In 1996 Congress passed legislation prohibiting the award of Social Security disability or SSI benefits on the basis of drug and alcohol abuse. SSA interpreted this new legislation as prohibiting an award of disability benefits only where the person’s inability to work resulted from continuing drug or alcohol abuse. What this means is that you cannot get disability benefits because you continue to abuse drugs or alcohol. In other words, if you are disabled without considering your drug and alcohol abuse, you can still get benefits.
What many people do not know, including many lawyers and judges, is what happens when it is impossible to determine if you would be disabled if you stopped abusing drugs or alcohol. Few people know that Social Security’s official policy is that benefits must be awarded in such situations. Many of the judges who decide these cases have a fundamental misunderstanding on this point. They often believe that they are required to deny benefits in such situations. They are wrong. It is Social Security’s own policy that on the issue of drug and alcohol abuse the benefit of the doubt goes to the person seeking benefits.
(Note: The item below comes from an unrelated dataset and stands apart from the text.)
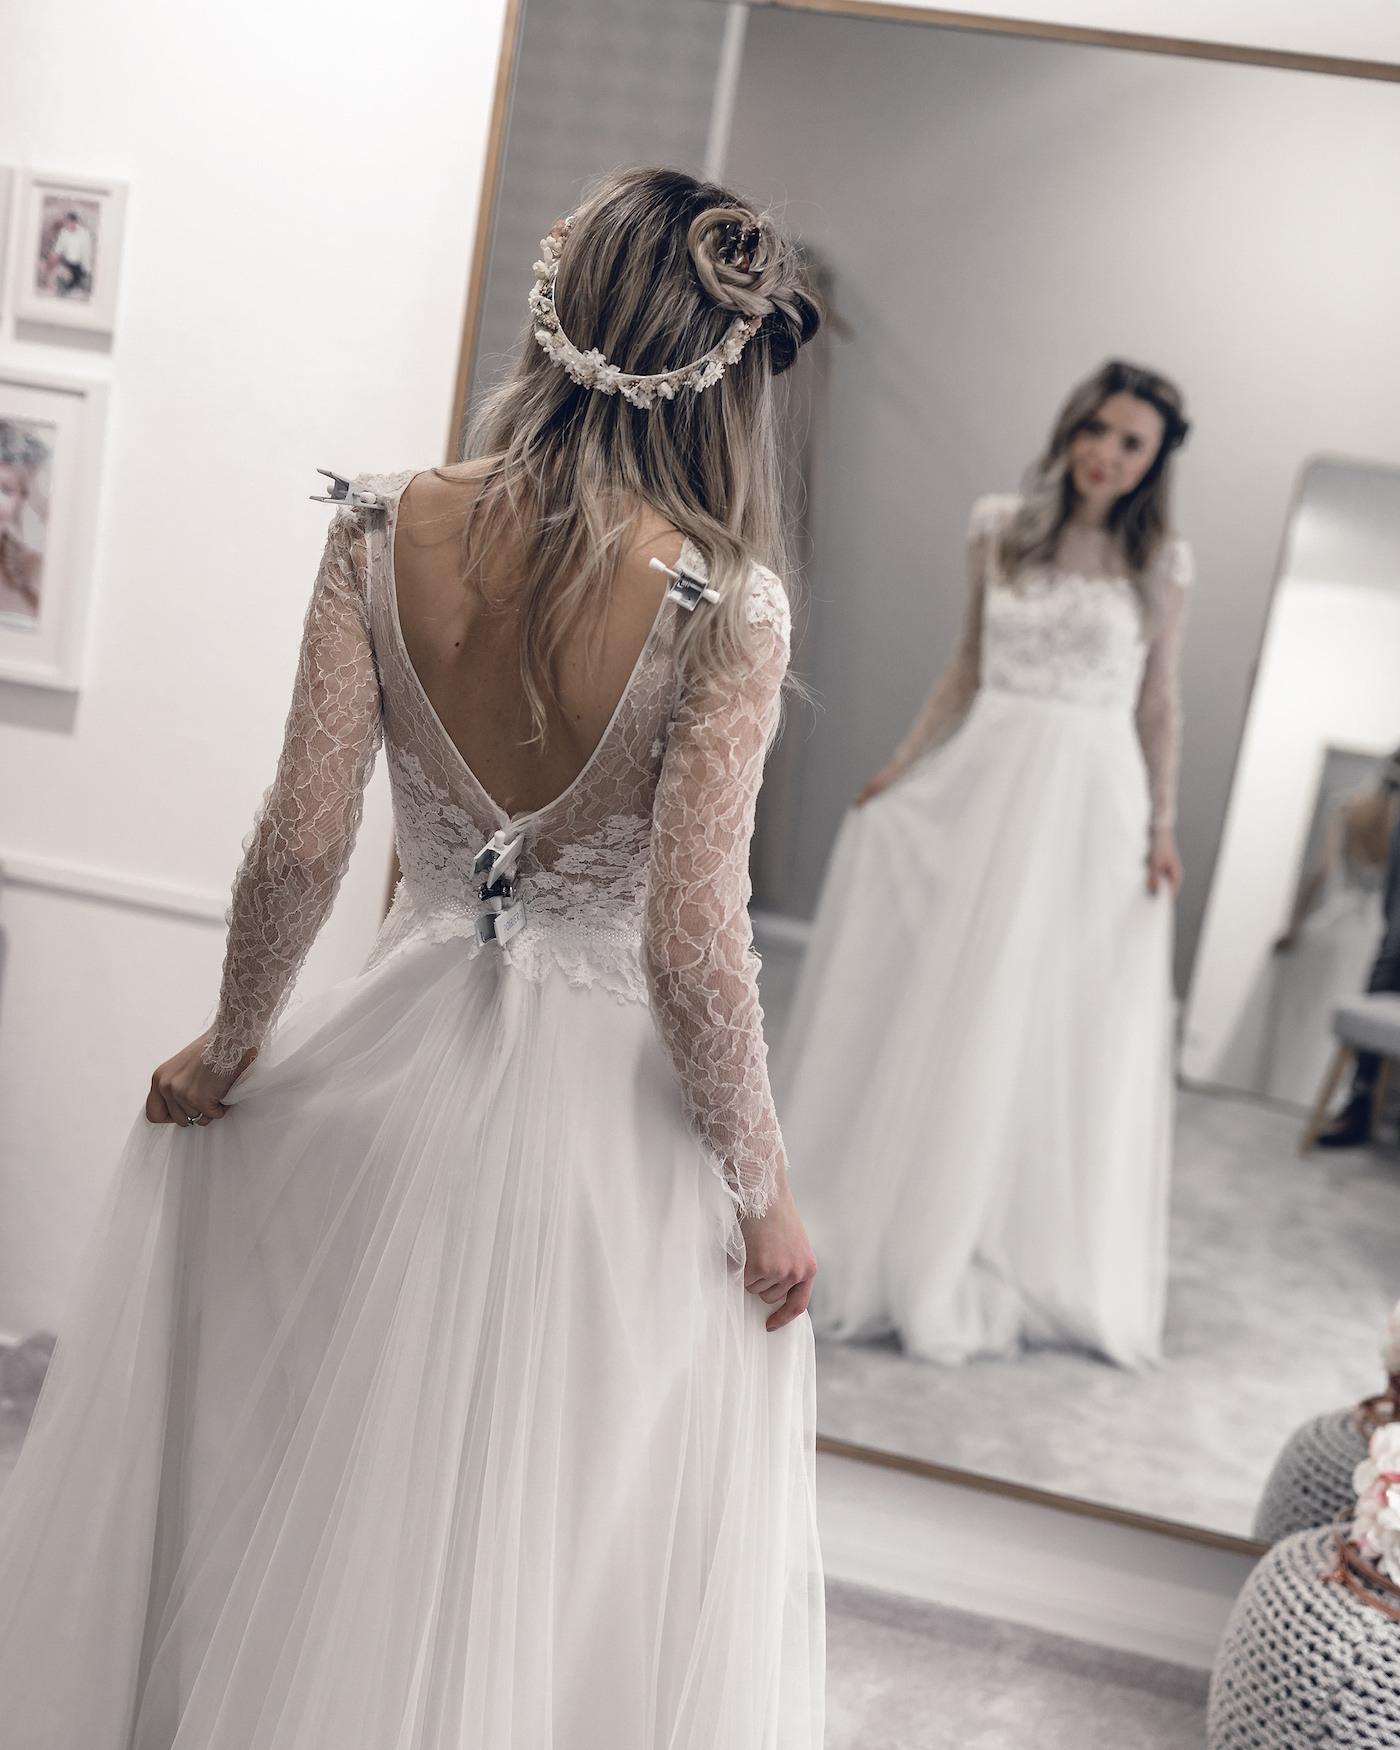 13 Großartig Brautkleid Hochzeitskleid ÄrmelDesigner Wunderbar Brautkleid Hochzeitskleid Ärmel

Now that we know what the law is, what can be done when you have to deal with an adjudicator or judge who does not know the law? This is when it is important to have a knowledgeable Social Security disability attorney who can write a compelling brief correctly stating the law. Just as importantly, if the judge still rules incorrectly, you will need an experienced attorney who is willing to litigate in federal court (which many Social Security disability attorneys do not do). The bottom line is that just because you have a drug or alcohol problem does not mean that you are precluded from receiving disability benefits from the disability law firm. Do not believe it if someone tells you otherwise. At the same time, if you have a history of drug and alcohol use, it would be wise to get an experienced attorney involved in your case early.